Parliament: Security agencies ready to deal with chemical gas attacks

Minister for Environment and Water Resources Masagos Zulkifli set out the dos and don'ts for surviving a chemical attack, as he answered a question in Parliament about a chemical stench that engulfed parts of Singapore in September.
Minister for Environment and Water Resources Masagos Zulkifli set out the dos and don'ts for surviving a chemical attack, as he answered a question in Parliament about a chemical stench that engulfed parts of Singapore in September. PHOTO: ST FILE

SINGAPORE - Minister for Environment and Water Resources Masagos Zulkifli on Monday (Nov 6) set out the dos and don'ts for surviving a chemical attack, as he answered a question in Parliament about a chemical stench that engulfed parts of Singapore in September.

First, people are to leave the affected area quickly.

Those who are unable to do so should head to the nearest indoor area, shut the doors, windows and ventilation systems, and seal the gaps with masking tape.

Singaporeans can adopt such measures to protect themselves against hazardous vapours during a chemical agent attack, Mr Masagos said.

He was responding to Ms Joan Pereira (Tanjong Pagar GRC) who asked about Singapore's preparedness to deal with a chemical gas attack by terrorists.

Her question, along with those of three other MPs, was prompted by an episode on Sept 25, when a strong odour which smelled like like burning plastic, and thick smoke, was detected by people in parts of Singapore, causing anxiety.

Mr Masagos said yesterday that the National Environment Agency (NEA) had tested for hazardous vapours in the air and found that it was within safe limits. Air quality was also found to be satiafactory.

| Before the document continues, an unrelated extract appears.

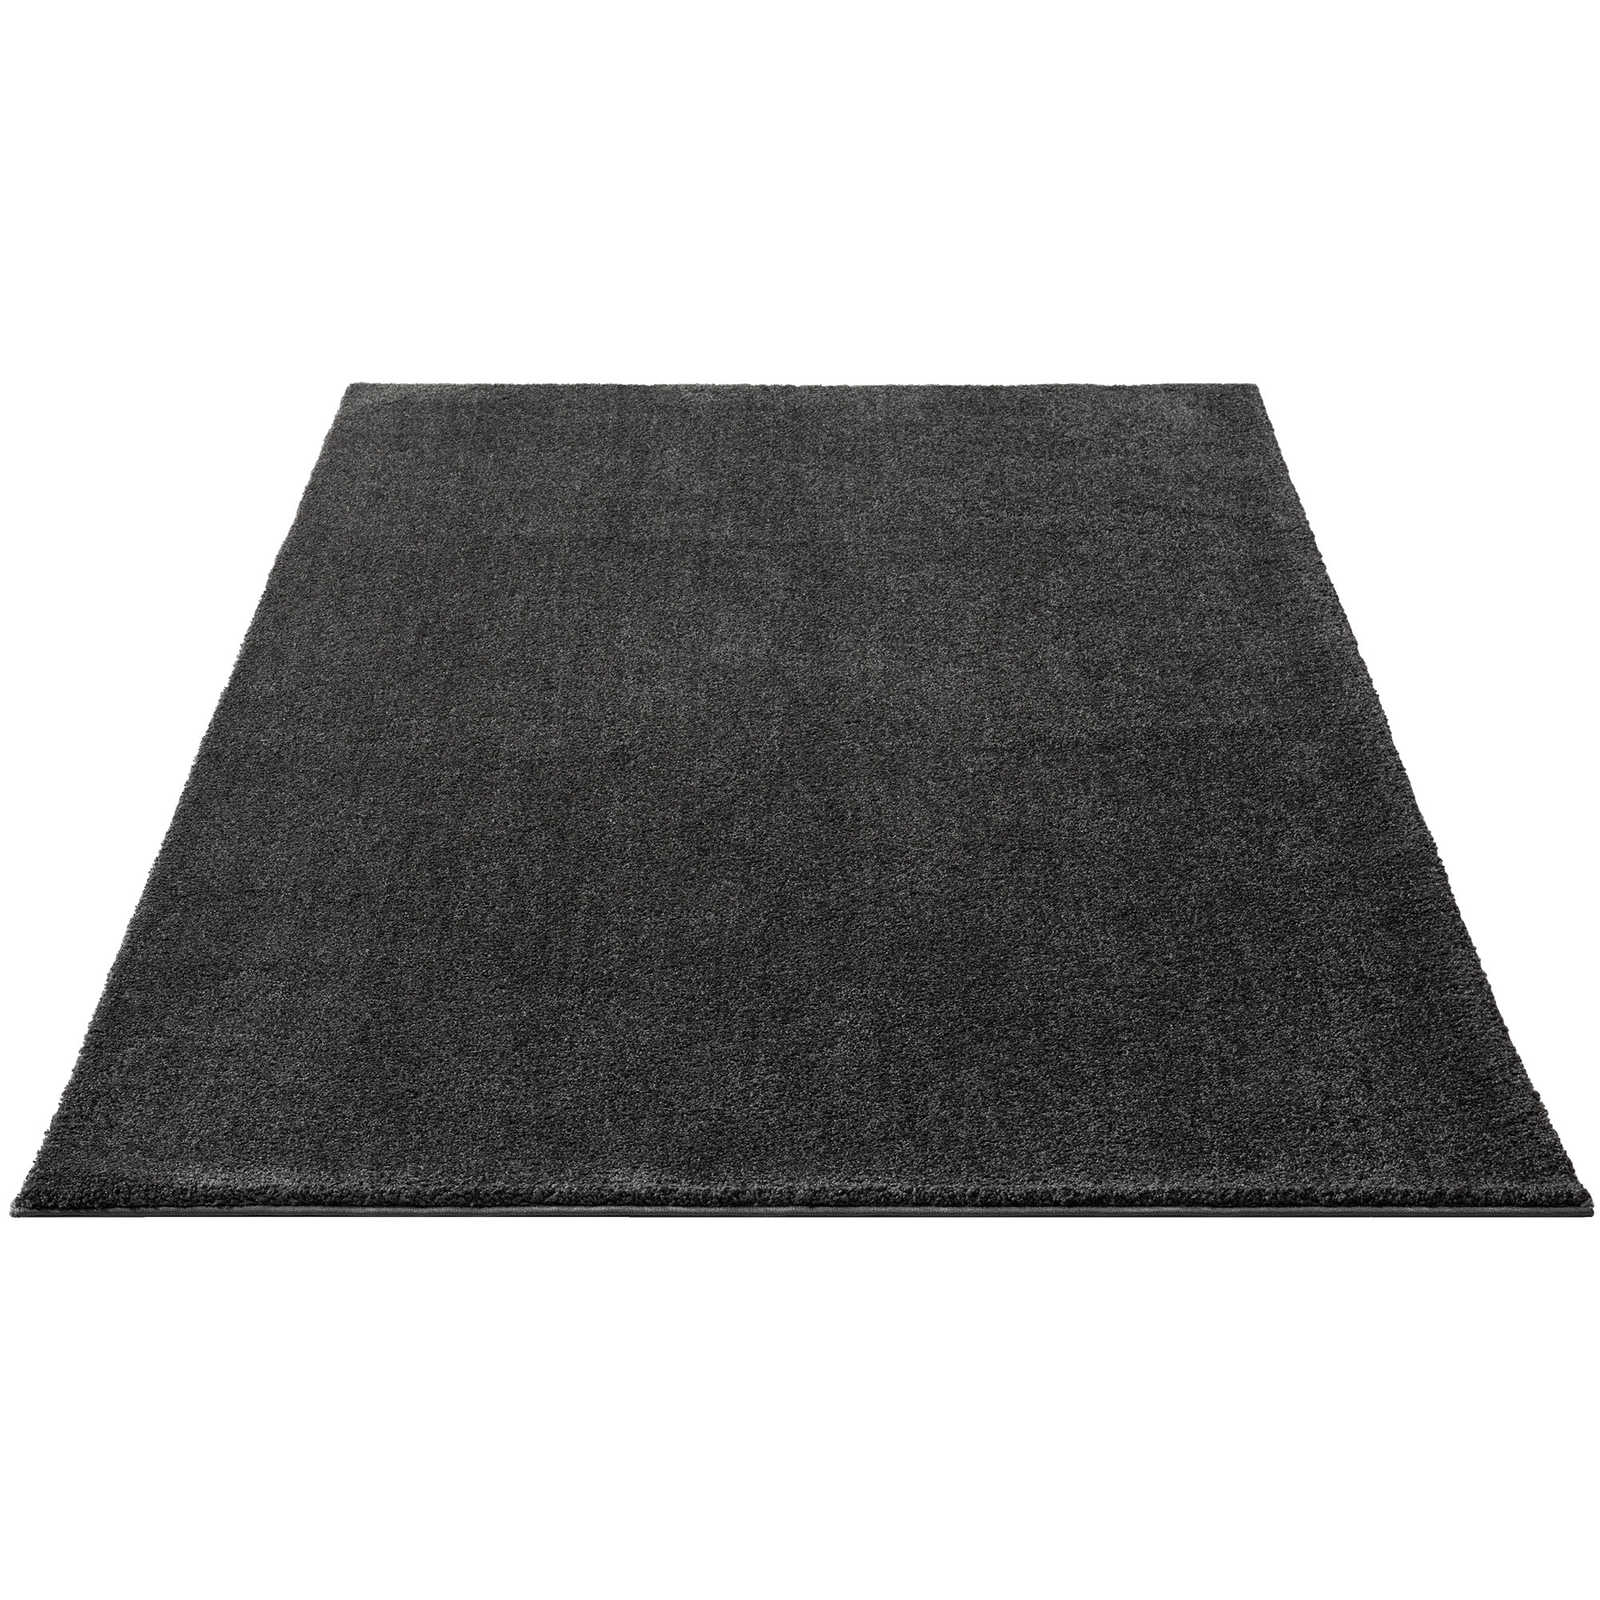 Zacht kortpolig tapijt in antraciet - 290 x 200 cm
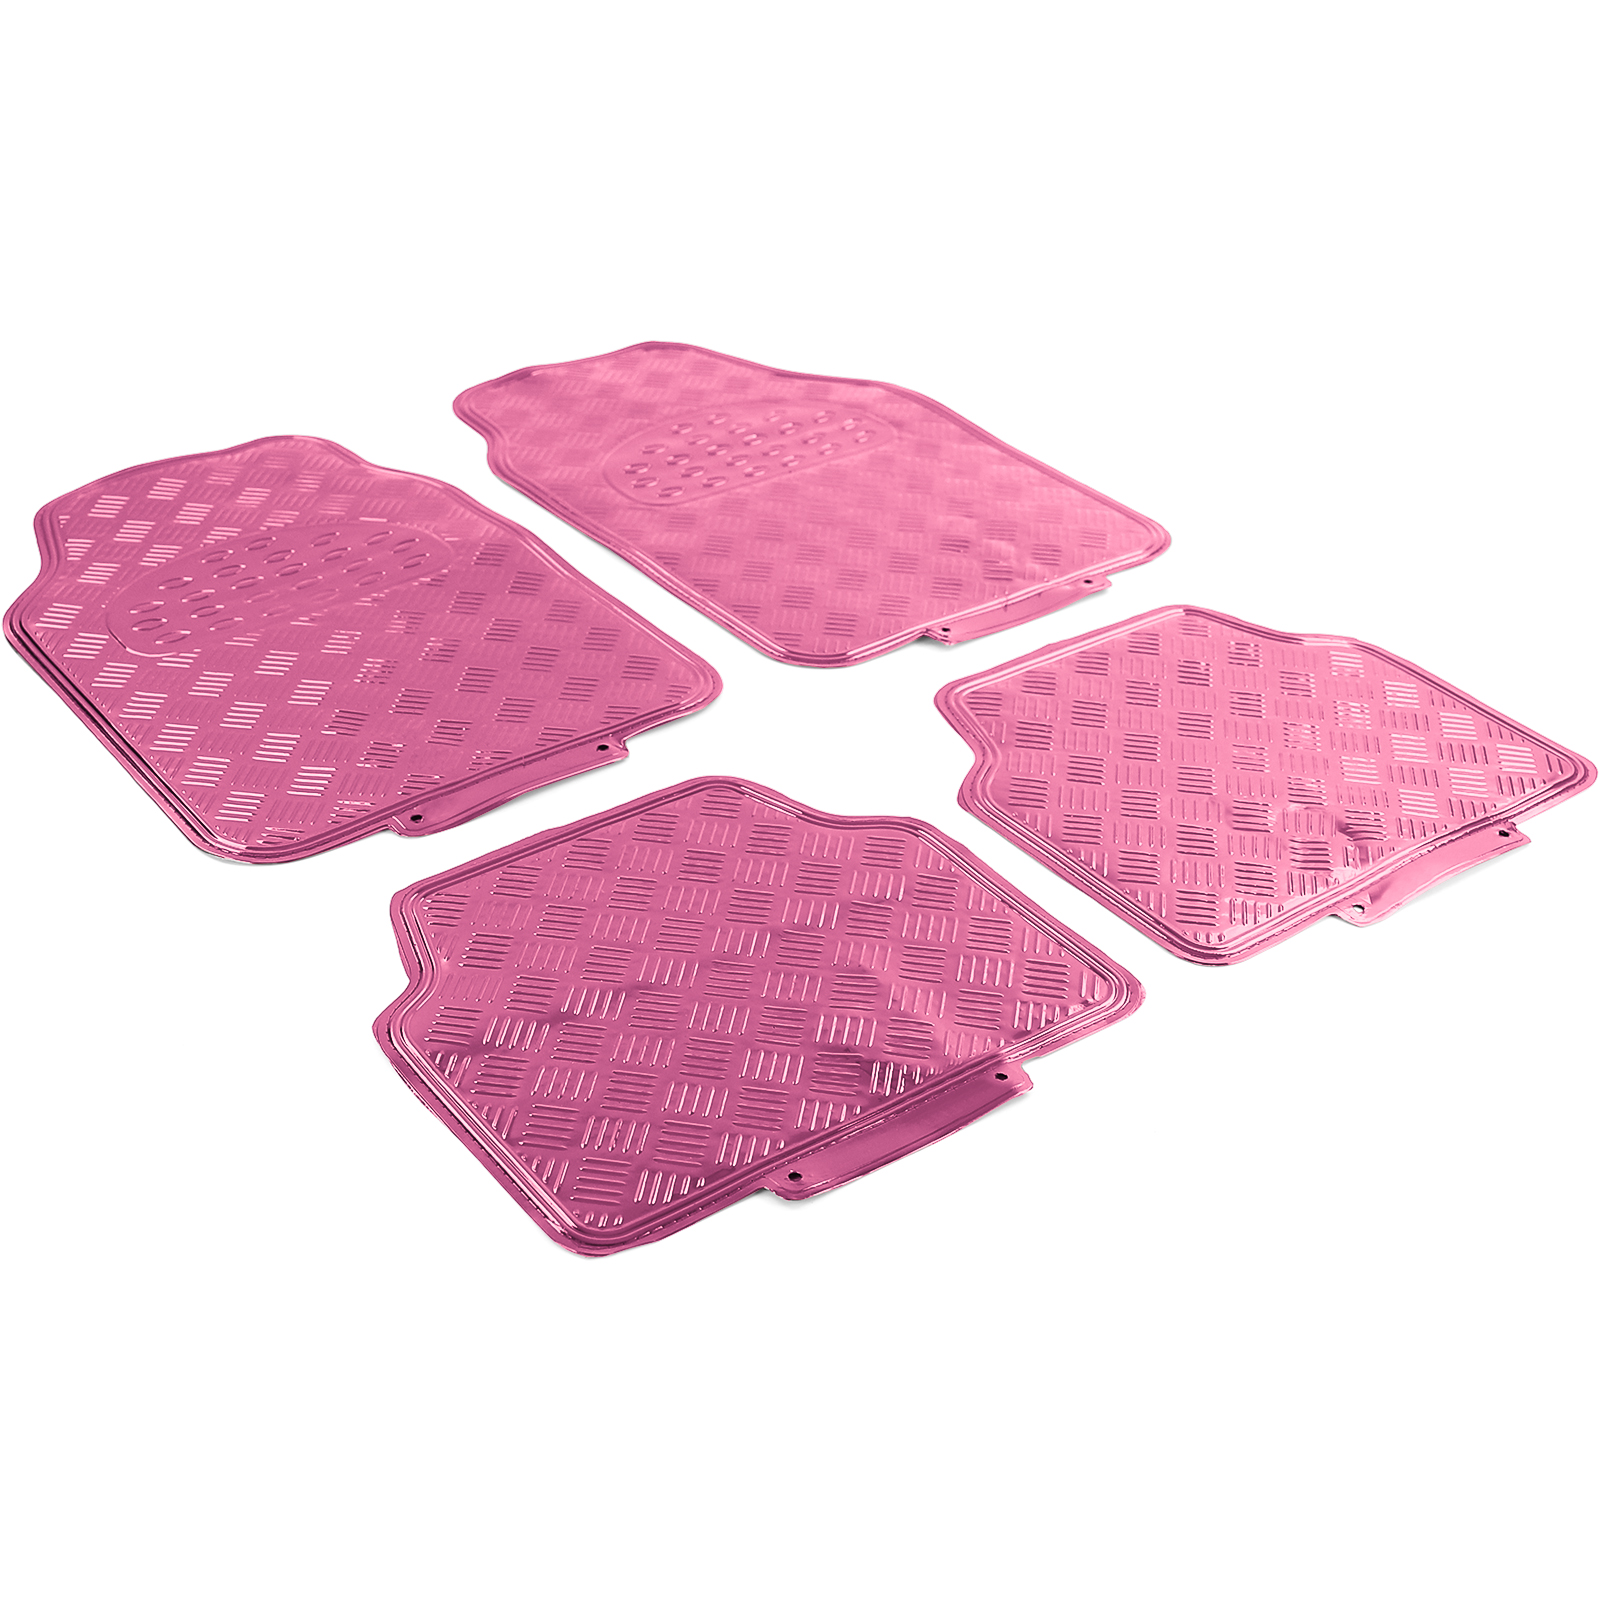 Alu 4-teilig Auto Gummi Pink Fußmatten Chrom universal Optik kaufen Riffelblech

With the help of the Malaysian authorities, the NEA later identified the source of the smell as a chemical plant in Pasir Gudang, an industrial estate in Johor located a little more than 1.5km across the Strait of Johor from Punggol.

Controlled burning to get rid of waste gases is a common occurrence there, and was thought to be the source of the chemical stench.

Mr Masagos said: "A stop work order was issued against the operator... and the operator was required to carry out a list of remedial actions."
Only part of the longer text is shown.